Information supplied:

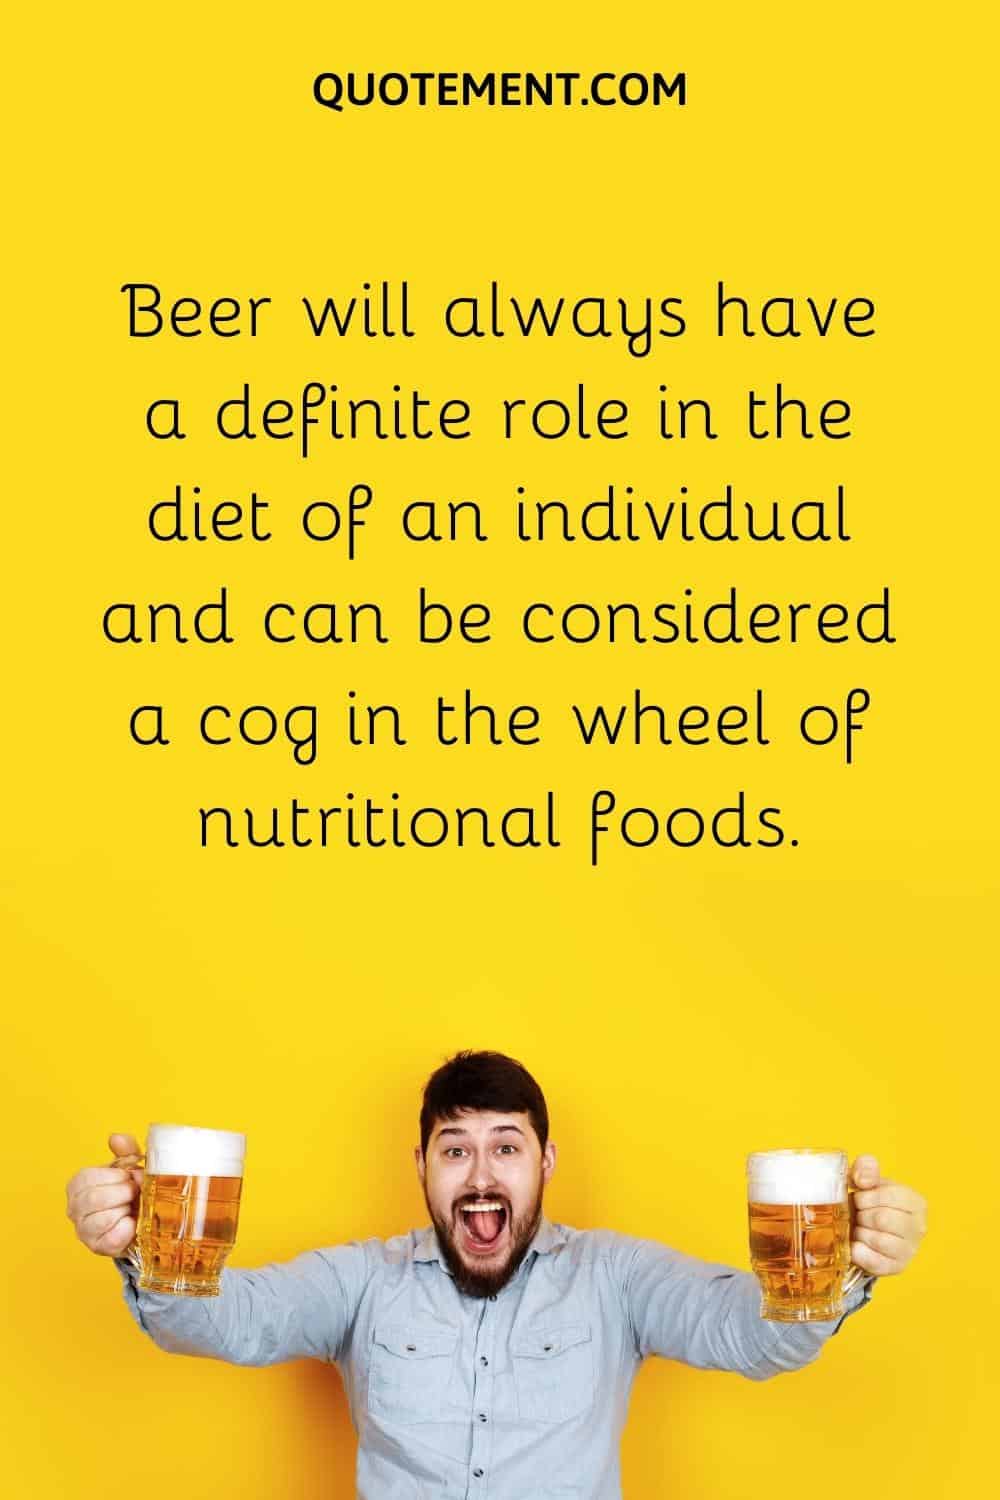 Beer will always have a definite role in the diet of an individual and can be considered a cog in the wheel of nutritional foods.
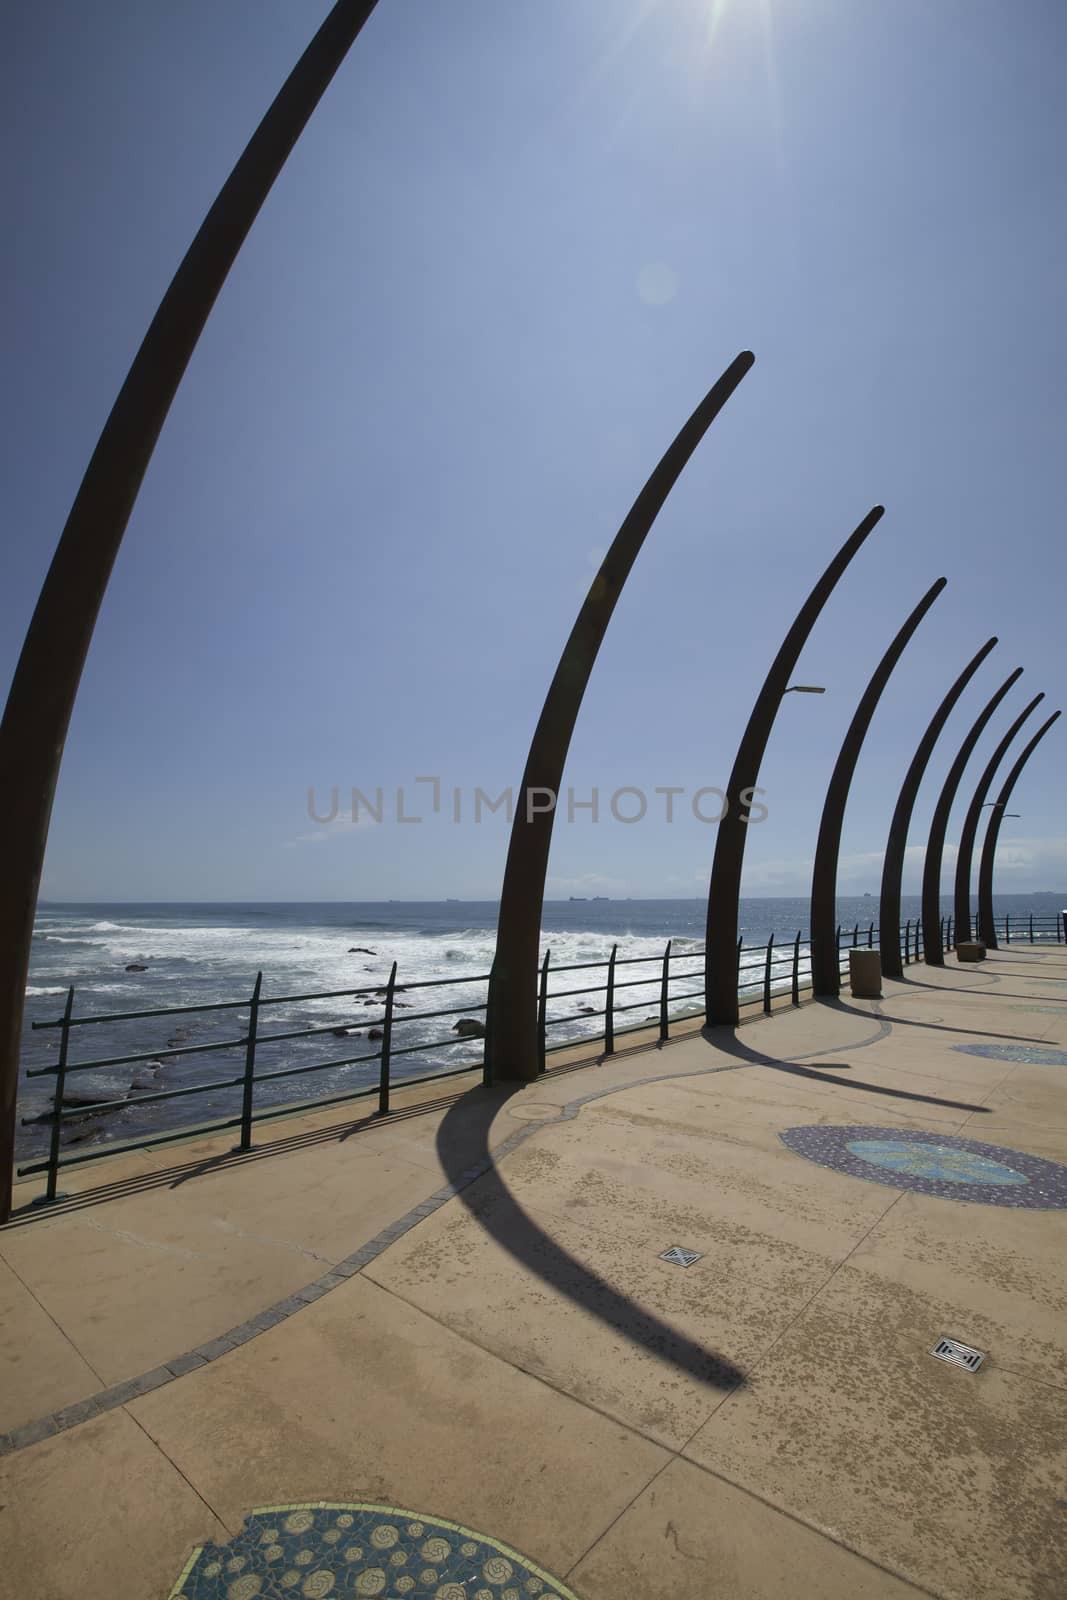 Beach side view from pier at Umhlanga Rocks in Durban, South Africa
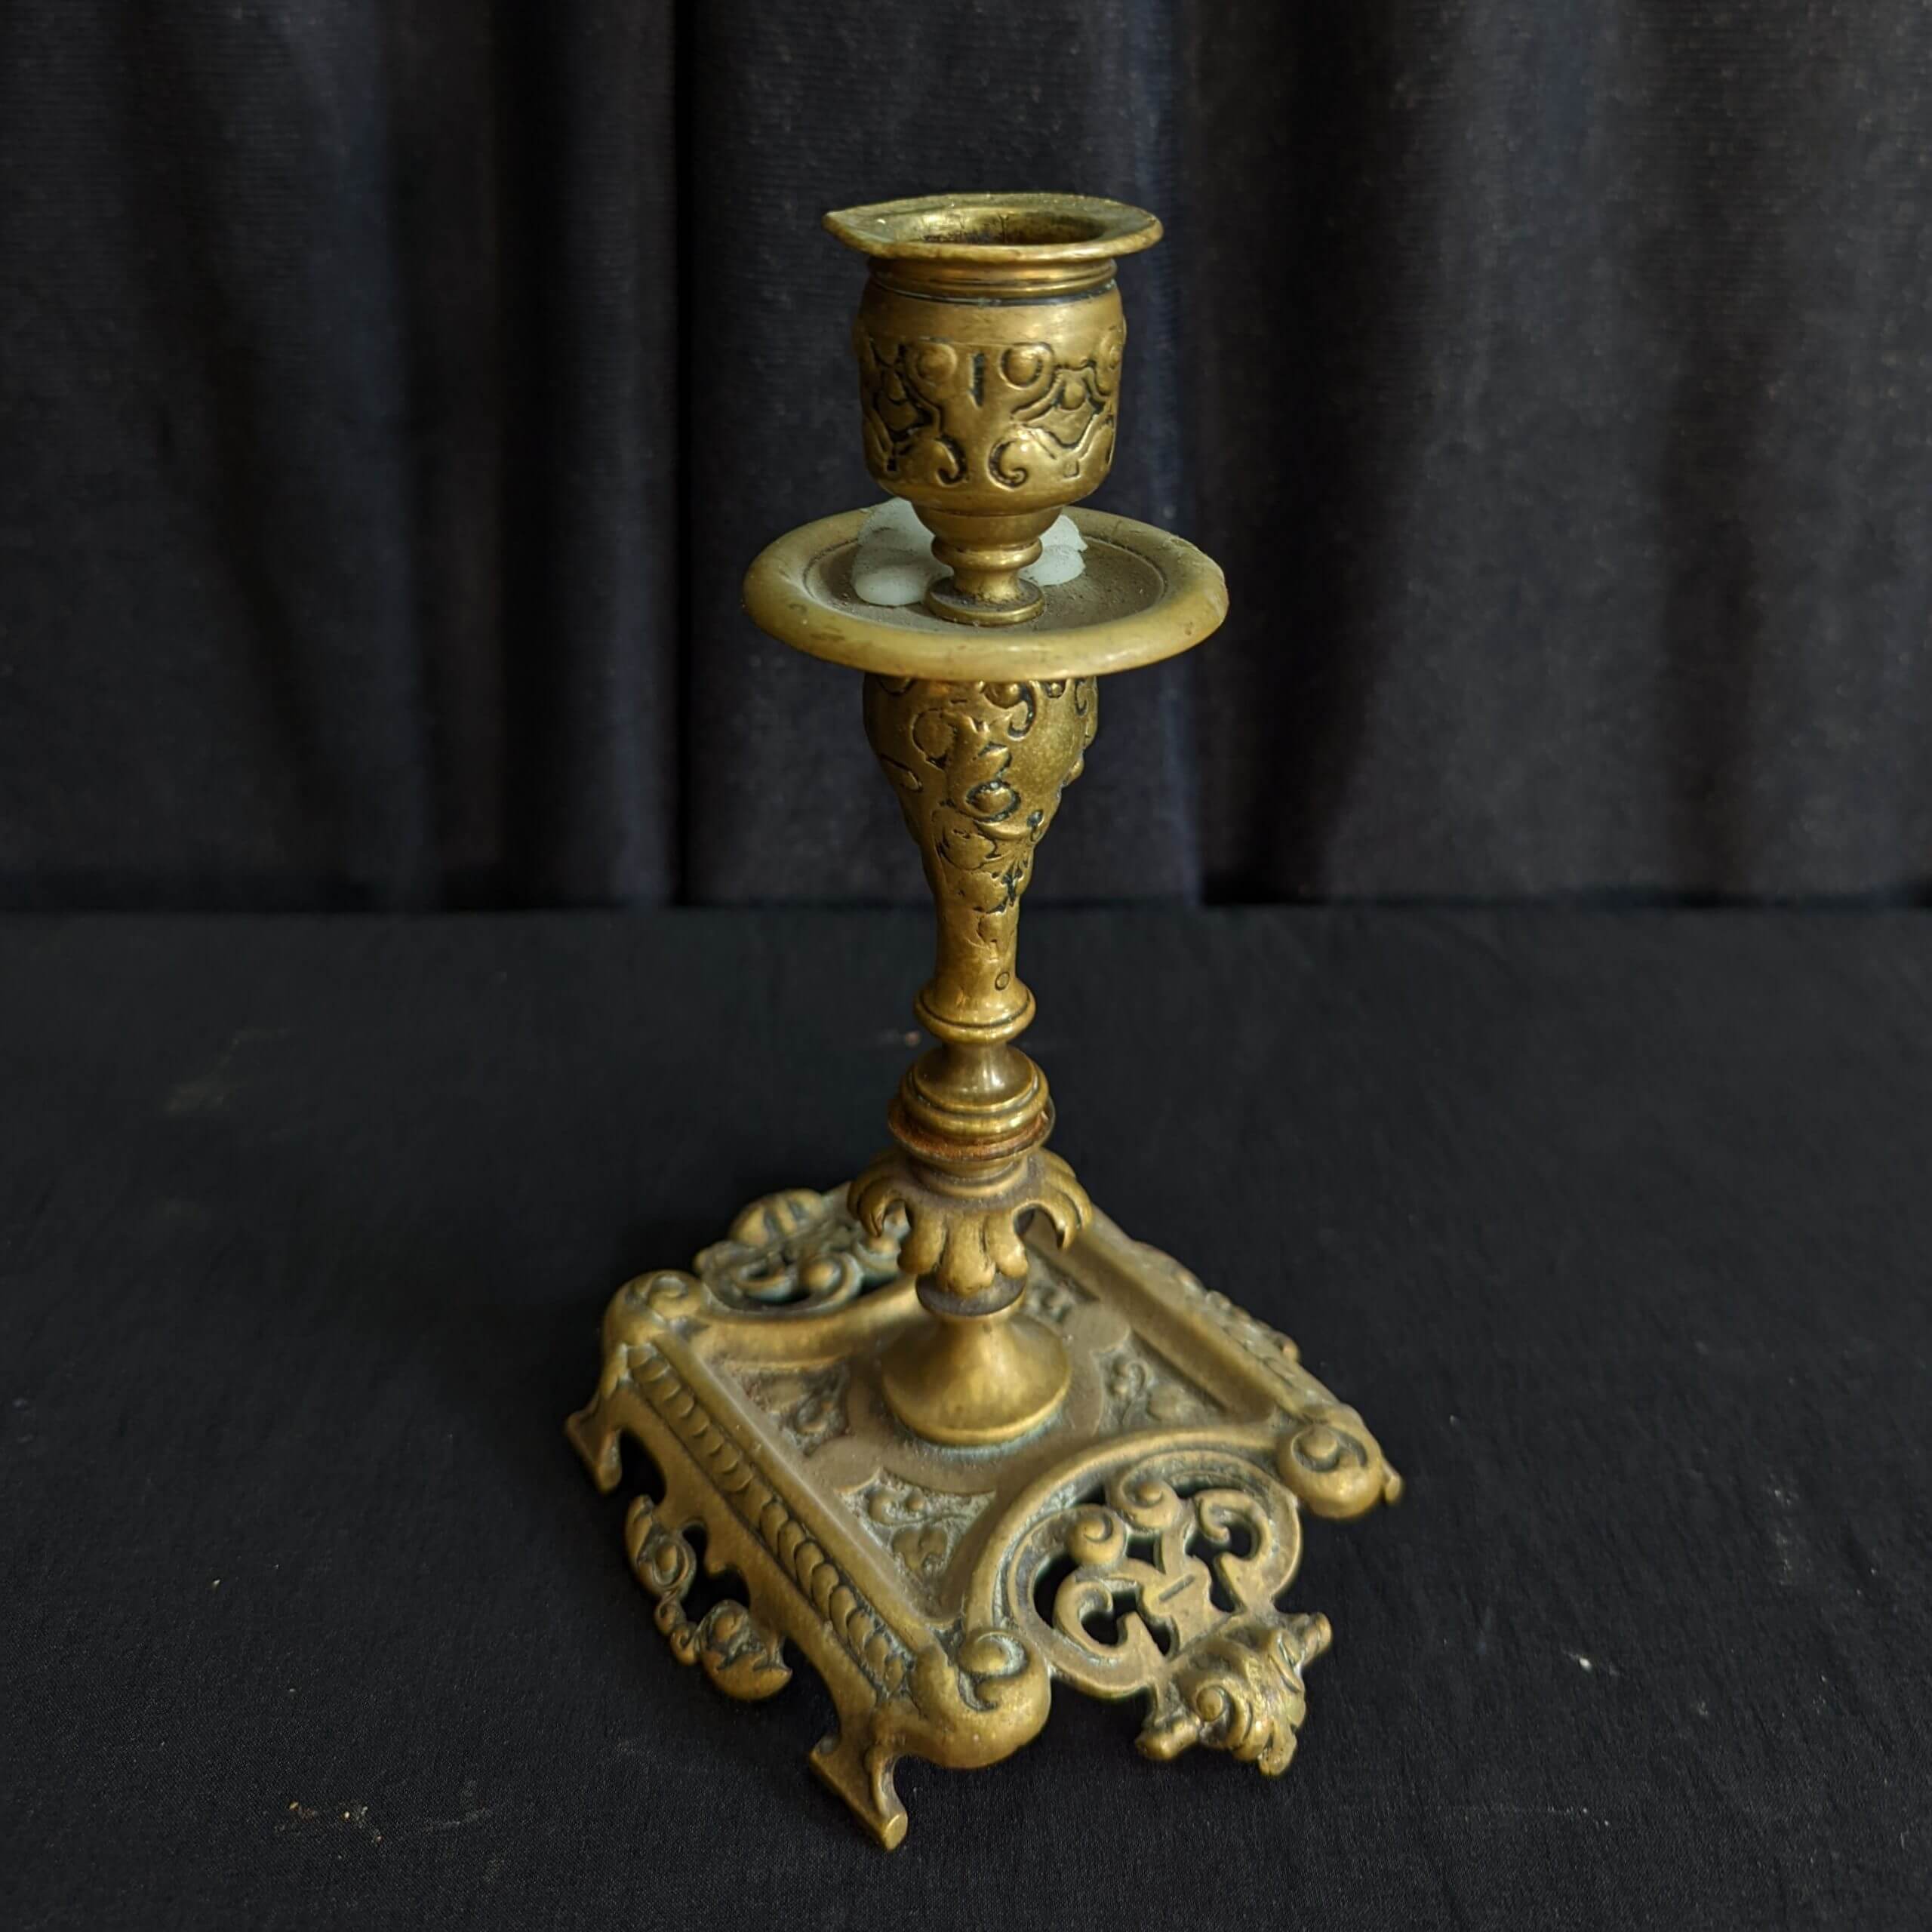 Highly Ornate & Decorative Antique Small Brass Baroque Style

Try it:
From the line containing "Beach side view" down to the final line of the material, restate every line word for word, and only those; drop the pictures.

Result:
 Beach side view from pier at Umhlanga Rocks in Durban, South Africa
 Highly Ornate & Decorative Antique Small Brass Baroque Style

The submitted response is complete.